YOUTUBE_API_VERSION = "v3"

# this function searches YT for videos only
def youtube_search(q, token=None, safe = 'none'): #can specify 'strict' to build validation set
    youtube = build(YOUTUBE_API_SERVICE_NAME, YOUTUBE_API_VERSION, developerKey=DEVELOPER_KEY)
    
    search_response = youtube.search().list(
        q=q,
        type='video',
        pageToken=token,
        order='relevance',
        part='id,snippet',
        maxResults=50,
        relevanceLanguage='en',
        safeSearch=safe
    ).execute()
    
    videos = [] 
    for search_result in search_response.get("items", []): 
        videos.append(search_result)

    try:
        nexttok = search_response["nextPageToken"]
        return(nexttok, videos)
    except Exception as e:
        nexttok = "last_page"
        return(nexttok, videos)
    
# this function gets extra information about a video    
def geo_query(video_id):
    youtube = build(YOUTUBE_API_SERVICE_NAME, YOUTUBE_API_VERSION,
                    developerKey=DEVELOPER_KEY)
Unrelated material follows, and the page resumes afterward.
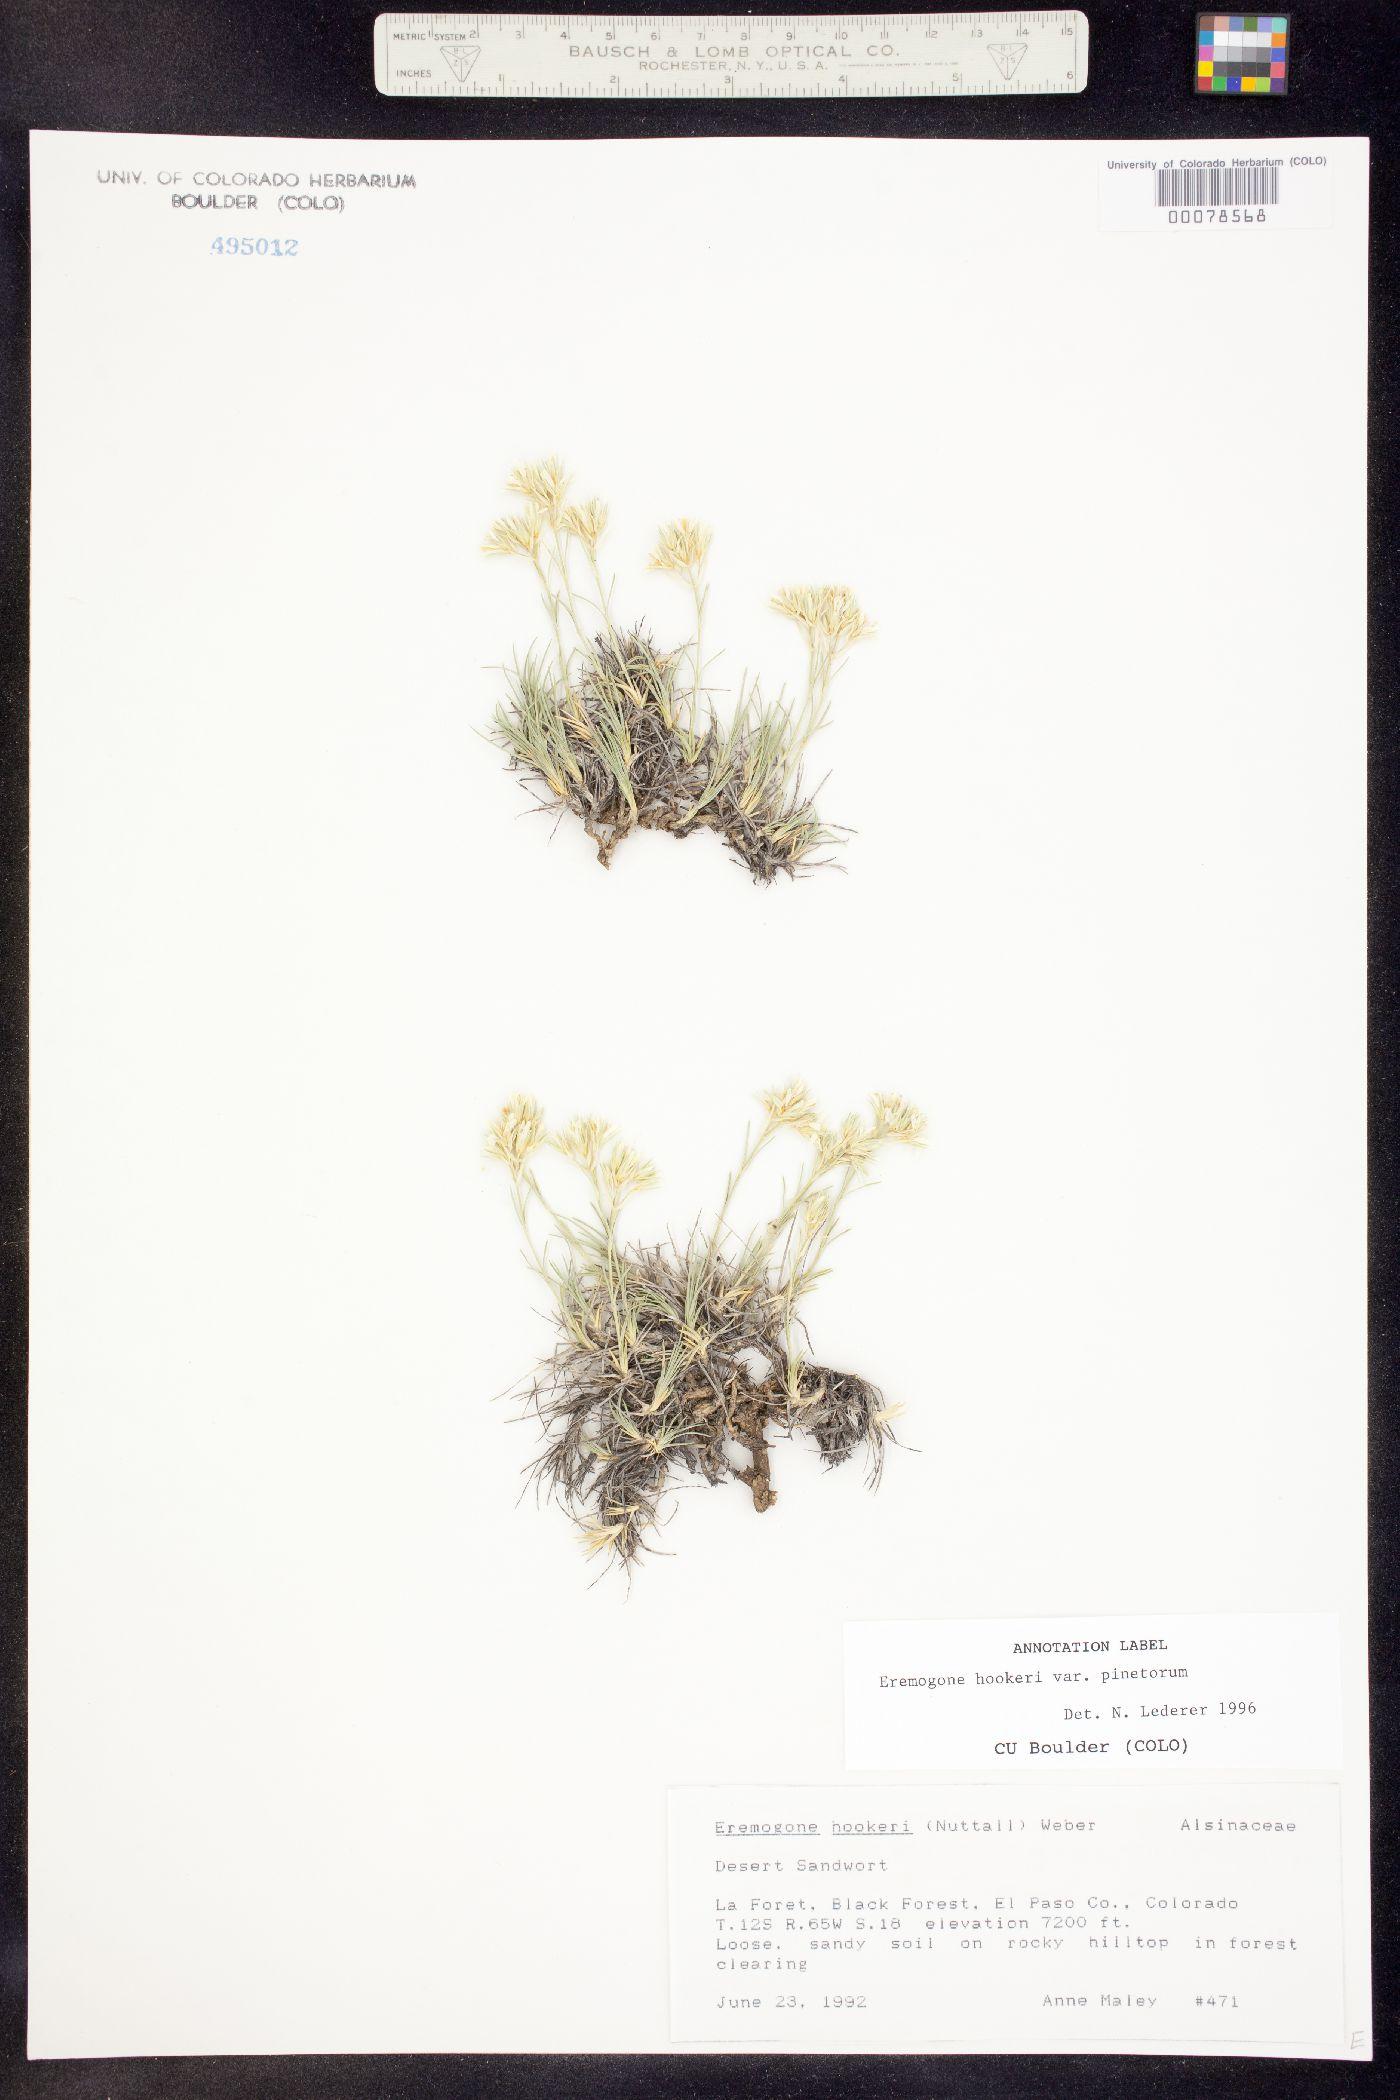 Eremogone hookeri subsp. pinetorum image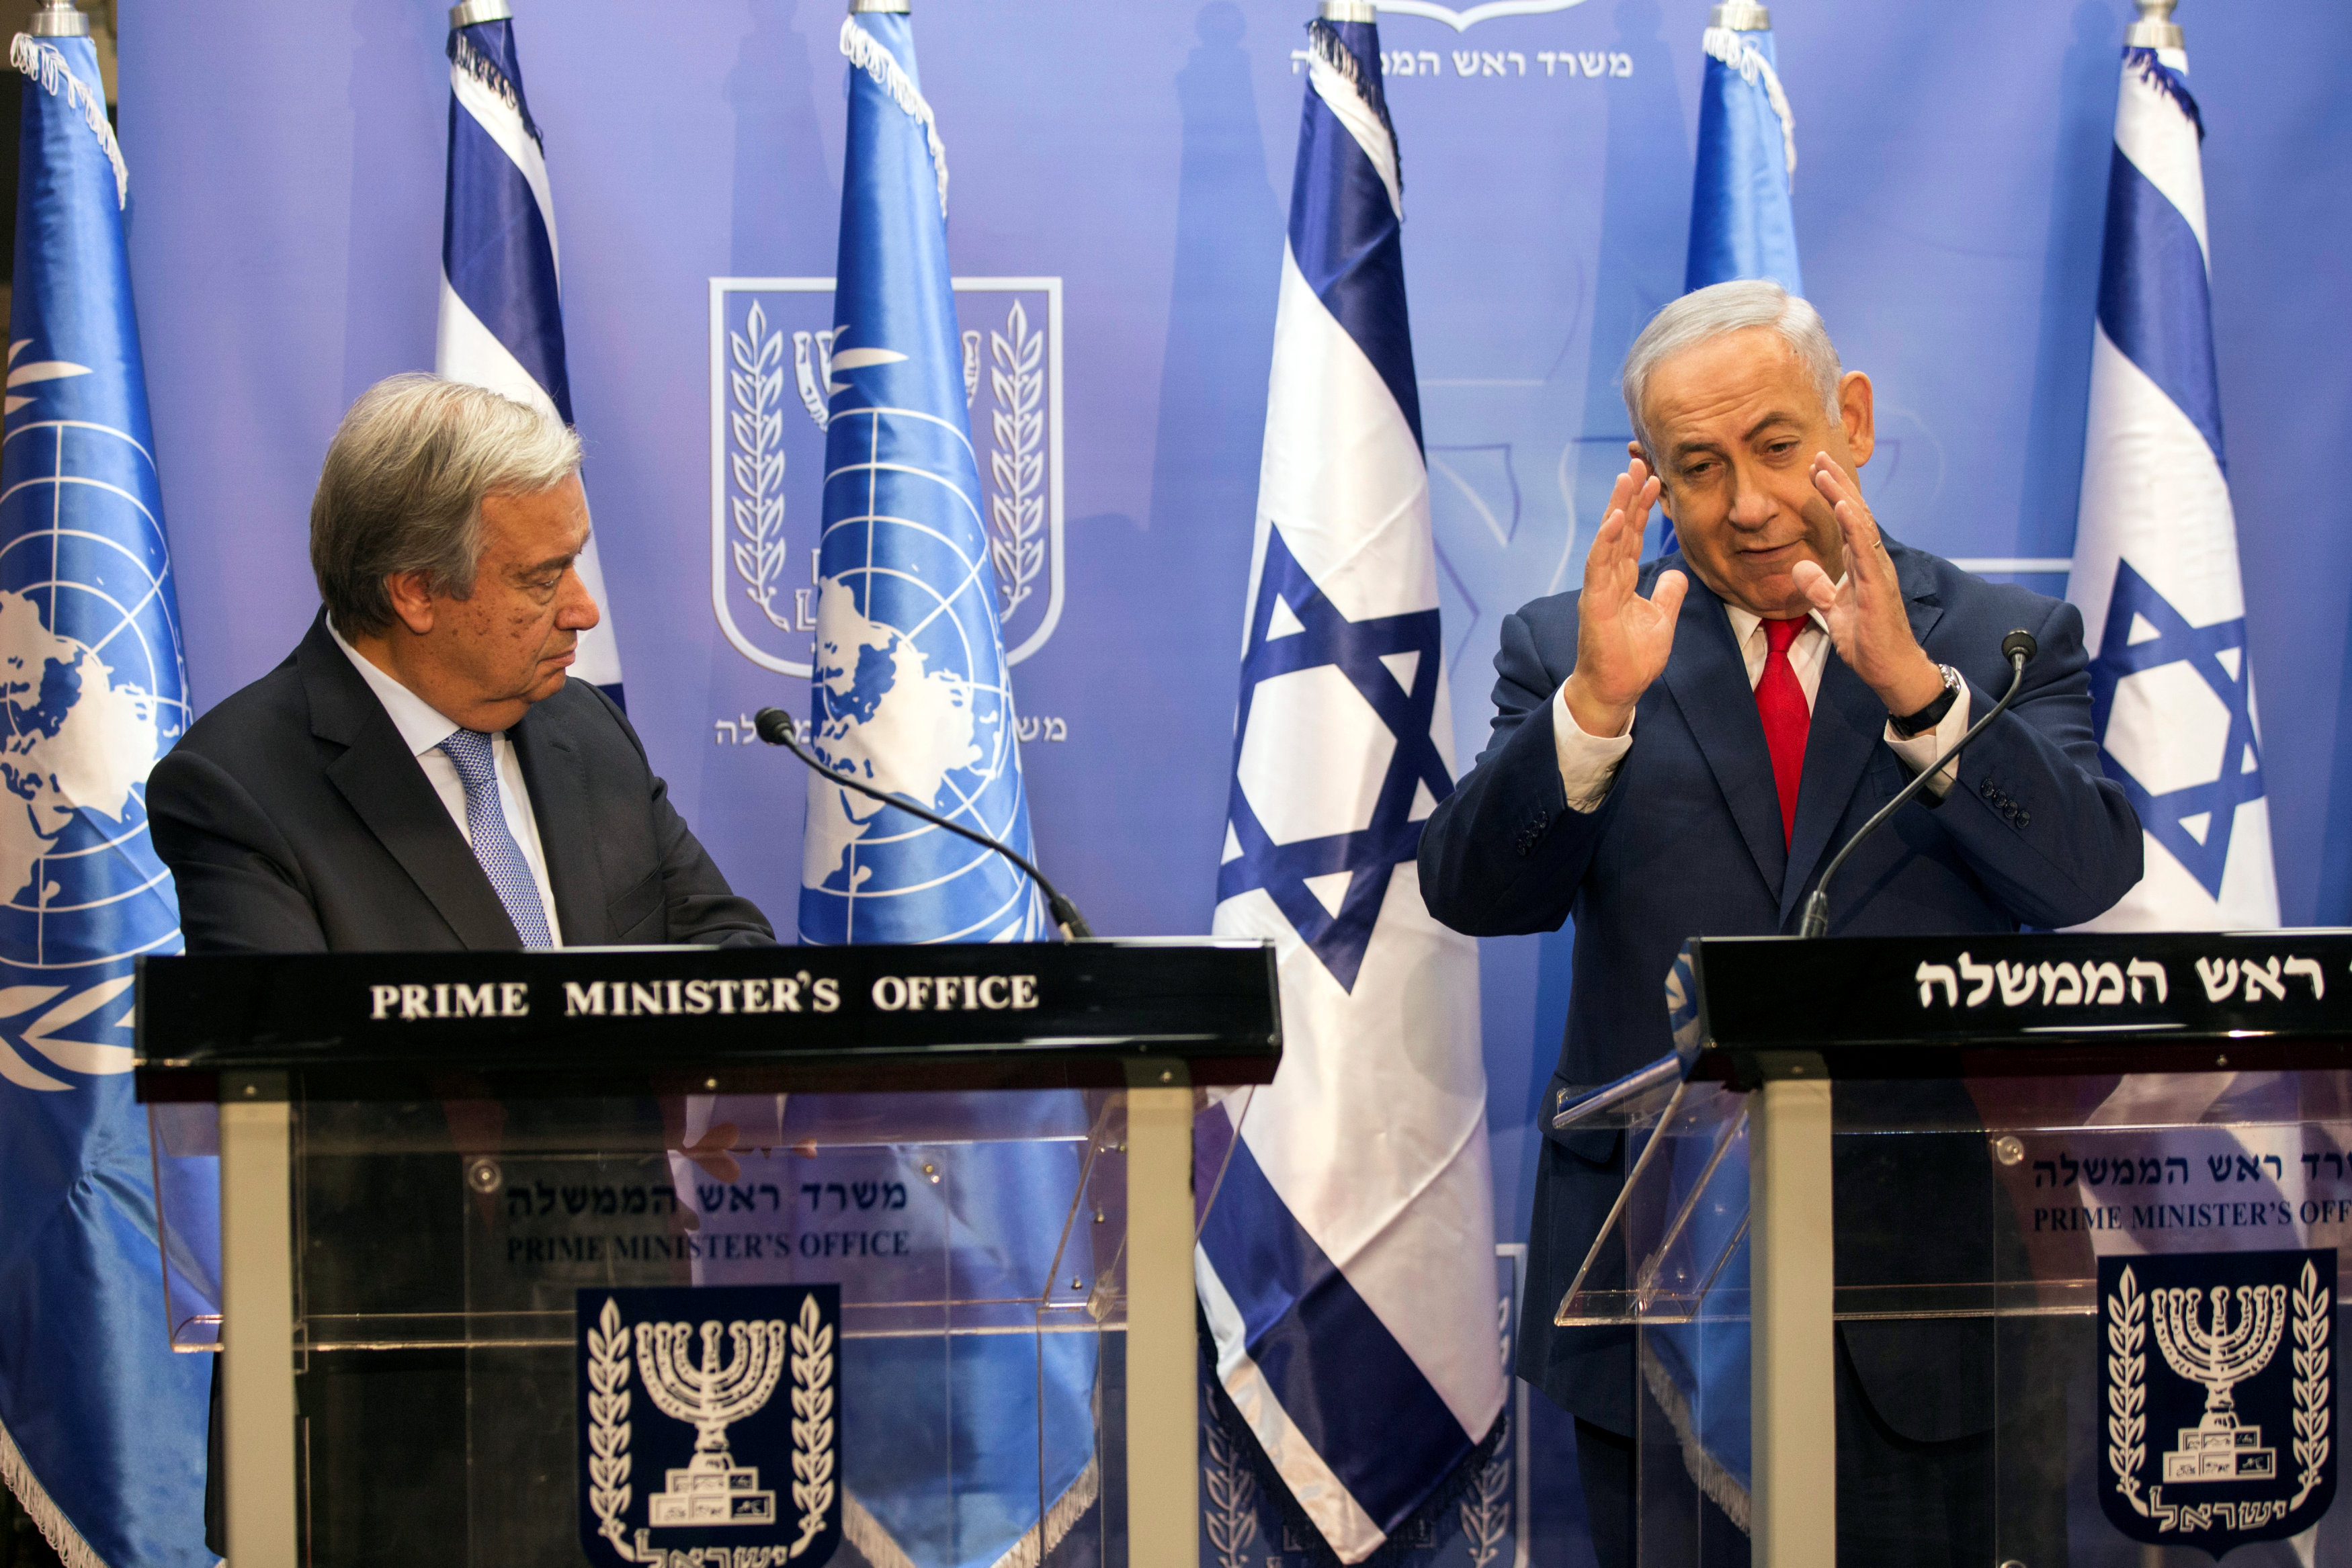 Israeli Prime Minister Benjamin Netanyahu (R) gestures as he delivers a joint statement with U.N. Secretary General Antonio Guterres in Jerusalem August 28,

    video_response = youtube.videos().list(
        id=video_id,
        part='contentDetails, statistics'
    ).execute()

    return video_response

# make table: extract json, ID for urls, title, description, thumbnail
def make_results_table(json_results):
    yt_urls = []
    titles = []
    description = []
    channel = []
    thumbnail = []
    
    for video in json_results:
        yt_urls.append(video['id']['videoId'])
        titles.append(video['snippet']['title'])
        description.append(video['snippet']['description'])
        channel.append(video['snippet']['channelTitle'])
        thumbnail.append(video['snippet']['thumbnails']['default']['url'])
    
    video_table = pd.DataFrame({"url":yt_urls, "title":titles, "description":description, "channel":channel, "thumbnail":thumbnail})
    return video_table

In [62]:
# run YT search
search_results = youtube_search("disney")#"{}".format(search)) # can specify safe = 'strict' for a safe search
search_token = search_results[0]
search_json = search_results[1]

In [66]:
results_table = make_results_table(search_json)
results_table.head()

Unnamed: 0,url,title,description,channel,thumbnail
0,xHpH11hiWfg,RALPH BREAKS THE INTERNET: Wreck-it Ralph 2 Tr...,Ralph's back! Check out our brand trailer for ...,Disney UK,https://i.ytimg.com/vi/xHpH11hiWfg/default.jpg
1,p4D19K8s-lA,10 Theories That Make Disney Movies So Much Da...,"Beware, some of these fan theories just might ...",Screen Rant,https://i.ytimg.com/vi/p4D19K8s-lA/default.jpg
2,_30jPKzWdN0,Why Are There No Mosquitoes at Disney World?,Walt Disney World is smack dab in the middle o...,Rob Plays,https://i.ytimg.com/vi/_30jPKzWdN0/default.jpg
3,BJzMhLhc070,Going Batty / Scare B&B | Full Episode | Vampi...,Vampirina and her family move to Pennsylvania ...,disneyjunior,https://i.ytimg.com/vi/BJzMhLhc070/default.jpg
4,IPSdb0JPnK8,"A Disney Springs Update From 400 Feet Up, Chec...",In today's vlog we head over to Disney Springs...,TheTimTracker,https://i.ytimg.com/vi/IPSdb0JPnK8/default.jpg


### Build training and validation data sets

In [105]:
kid_searches = ['peppa pig','Frozen','PAW patrol','oggy','powerpuff girls','mickey mouse','minnie mouse','dora','doraemon','wonder woman',
           'star wars','batman','superman','lego','power rangers','bugs bunny','elsa','baby einstein','spiderman','scooby doo',
           'alphabet','animals','winnie the pooh','tom and jerry','disney','sesame street','school','ufo','little pony','sponge bob']

In [106]:
safe_list=[]
unsafe_list=[]

for each in kid_searches:
    safe_results = youtube_search(each, safe='strict') 
    safe_json = safe_results[1]
    safe_results_table = make_results_table(safe_json)
    safe_results_table['query']=each
    safe_list.append(safe_results_table)
    unsafe_results = youtube_search(each) 
    unsafe_json = unsafe_results[1]
    unsafe_results_table = make_results_table(unsafe_json)
    unsafe_results_table['query']=each
    unsafe_list.append(unsafe_results_table)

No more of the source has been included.